For listns(), there is no way to distinguish this case with the case
nstree is empty, therefore it returns -ENOENT although three namespaces
remains in the tree.

Solution
========
The bug is fixed by iterating over the nstree's internal list until it
reaches the first active namespace.

Patches Sequence
================
Patches 1 and Patch 2 fix the existing issues in namespace selftests.
Patch 3 fixes the spurious ENOENT bug. Patch 4 adds a regression test
for this bug.

Disclaimer on Reproduction
==========================
Unfortunately I couldn't reproduce this bug on VM environment, perhaps
because the test I added relies on timing-sensitive RCU behavior.
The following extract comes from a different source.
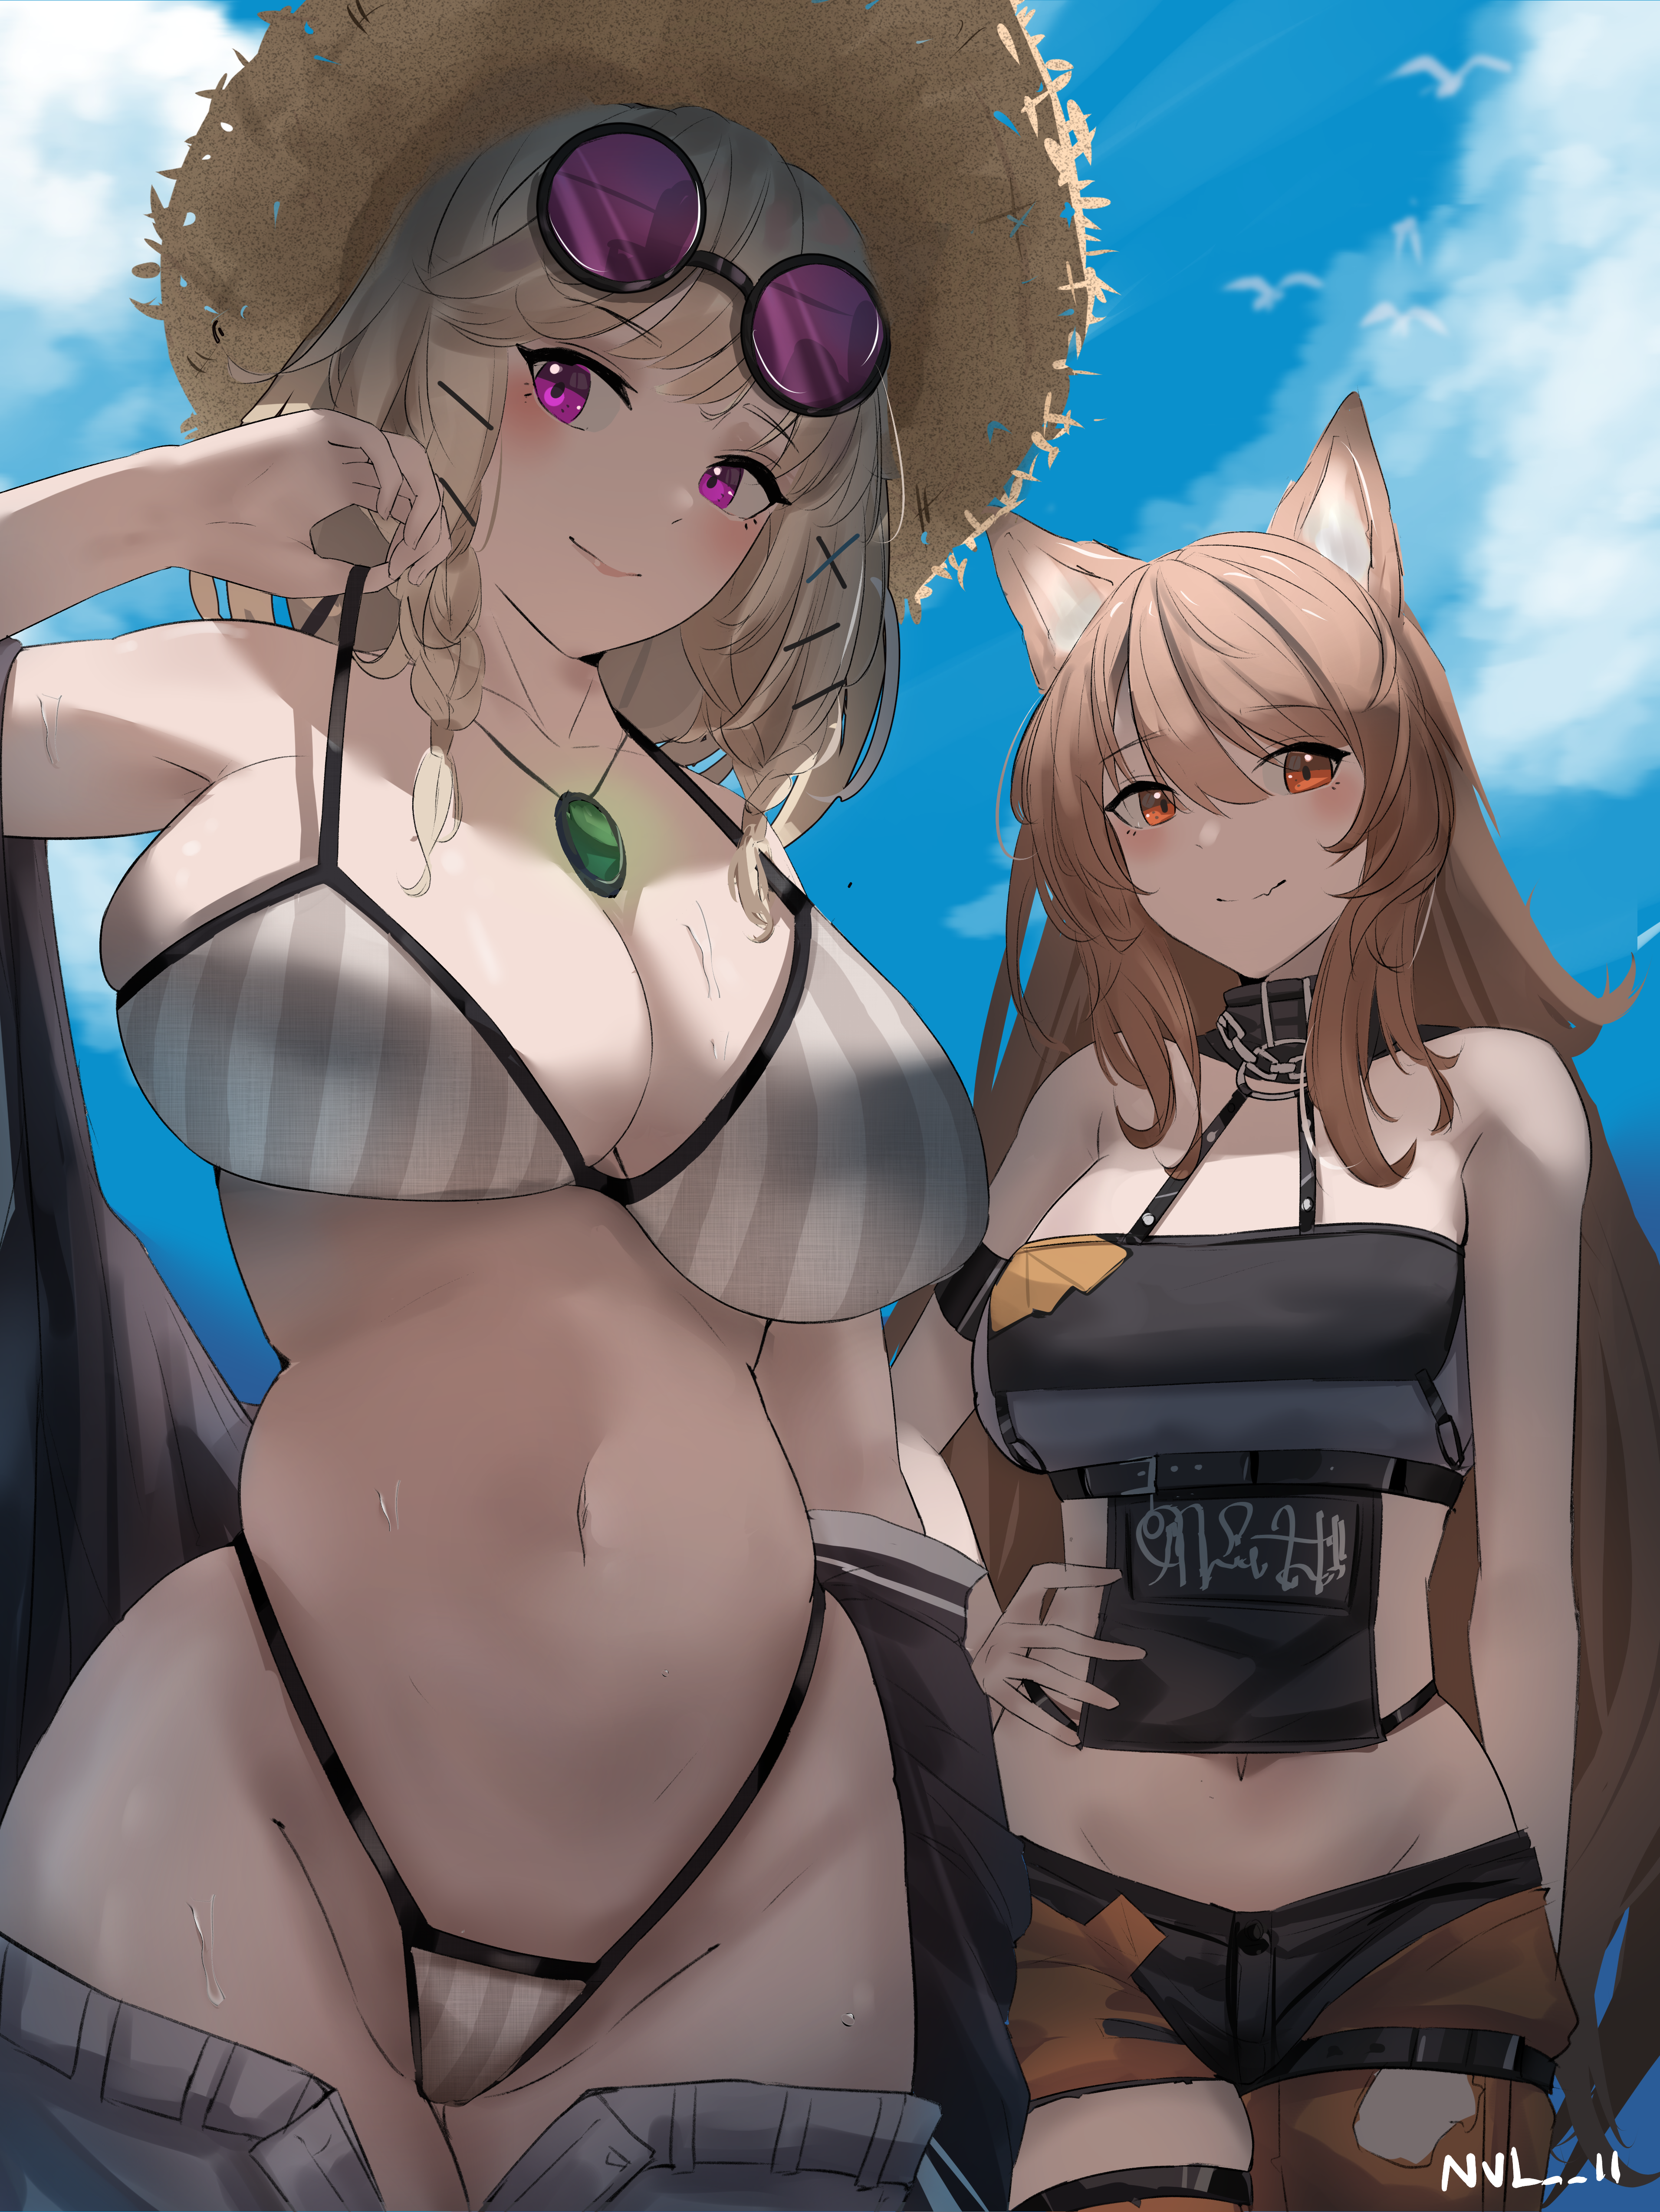 Anime 3825x5096 bikini Ceobe (Arknights) Utage (Arknights) Arknights straw hat hat fox girl fox ears big boobs belly sunglasses anime girls Nvl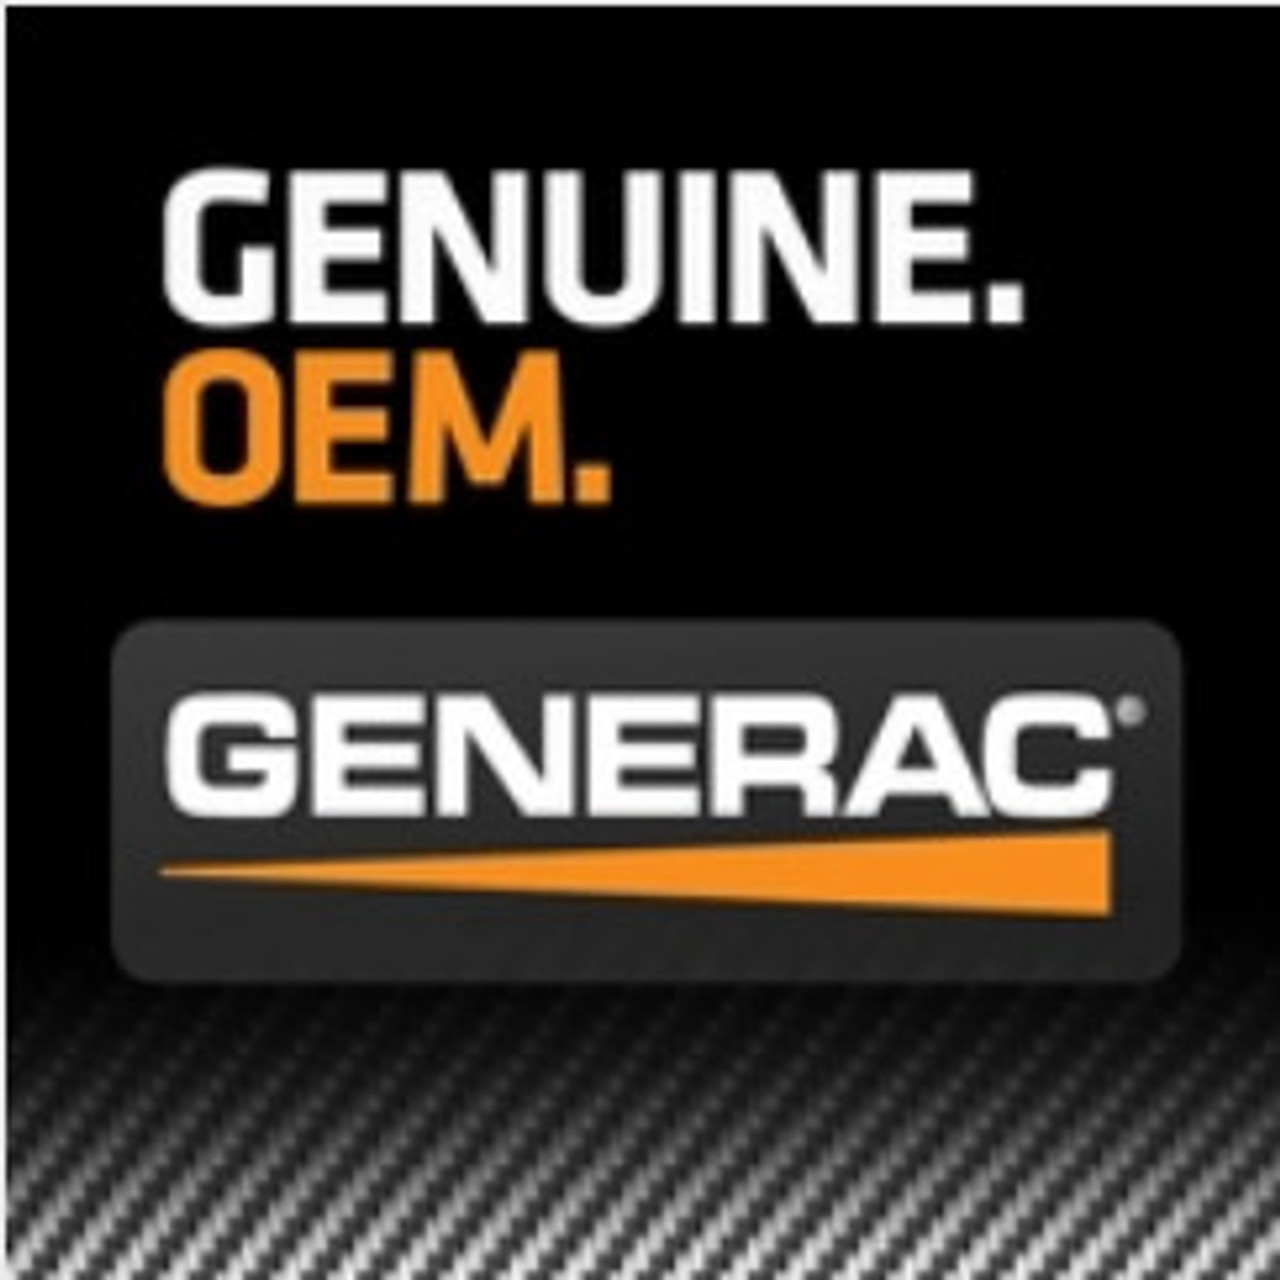 Generac 020817D Genuine OEM generator parts logo

At
least, I confirmed that this bug reproduces on my bare-metal machine
equipped with i7-14700K. Also, I confirmed that all namespaces tests
pass after applying this series.


Yohei Kojima (4):
  selftests/namespace: fix selftest hang-up caused by zombie processes
  selftests/namespace: fix unintentional skip in ns_active_ref_test.c
  nstree: Fix spurious ENOENT in listns pagination during grace period
  selftests/namespace: test spurious ENOENT bug in listns pagination

 kernel/nstree.c                               |  68 ++++--
 .../namespaces/listns_pagination_bug.c        | 200 ++++++++++++++++++
 .../selftests/namespaces/ns_active_ref_test.c |   4 +
 .../testing/selftests/namespaces/nsid_test.c  |   8 +
 4 files changed, 258 insertions(+), 22 deletions(-)

-- 
2.52.0
Re: [PATCH 0/4] nstree: Fix spurious ENOENT in listns pagination during grace period
Posted by Yohei Kojima 2 months, 1 week ago
On Mon, Apr 06, 2026 at 01:50:36AM +0900, Yohei Kojima wrote:
> Yohei Kojima (4):
>   selftests/namespace: fix selftest hang-up caused by zombie processes
>   selftests/namespace: fix unintentional skip in ns_active_ref_test.c
>   nstree: Fix spurious ENOENT in listns pagination during grace period

I'm sorry, the subjects of the cover letter and the third patch are
incorrect. This bug is unrelated to the RCU grace period; instead, it
is caused by the handling of inactive and destroyed namespaces. I'll
fix the subject in v2.

Thanks,
Yohei

>   selftests/namespace: test spurious ENOENT bug in listns pagination
> 
>  kernel/nstree.c                               |  68 ++++--
>  .../namespaces/listns_pagination_bug.c        | 200 ++++++++++++++++++
>  .../selftests/namespaces/ns_active_ref_test.c |   4 +
>  .../testing/selftests/namespaces/nsid_test.c  |   8 +
>  4 files changed, 258 insertions(+), 22 deletions(-)
> 
> -- 
> 2.52.0
>
Re: [PATCH 0/4] nstree: Fix spurious ENOENT in listns pagination during grace period
Posted by Christian Brauner 2 months ago
On Tue, Apr 07, 2026 at 09:57:38PM +0900, Yohei Kojima wrote:
> On Mon, Apr 06, 2026 at 01:50:36AM +0900, Yohei Kojima wrote:
> > Yohei Kojima (4):
> >   selftests/namespace: fix selftest hang-up caused by zombie processes
> >   selftests/namespace: fix unintentional skip in ns_active_ref_test.c
> >   nstree: Fix spurious ENOENT in listns pagination during grace period
> 
> I'm sorry, the subjects of the cover letter and the third patch are
> incorrect. This bug is unrelated to the RCU grace period; instead, it
> is caused by the handling of inactive and destroyed namespaces. I'll
> fix the subject in v2.

Ok, sounds good. We can wait.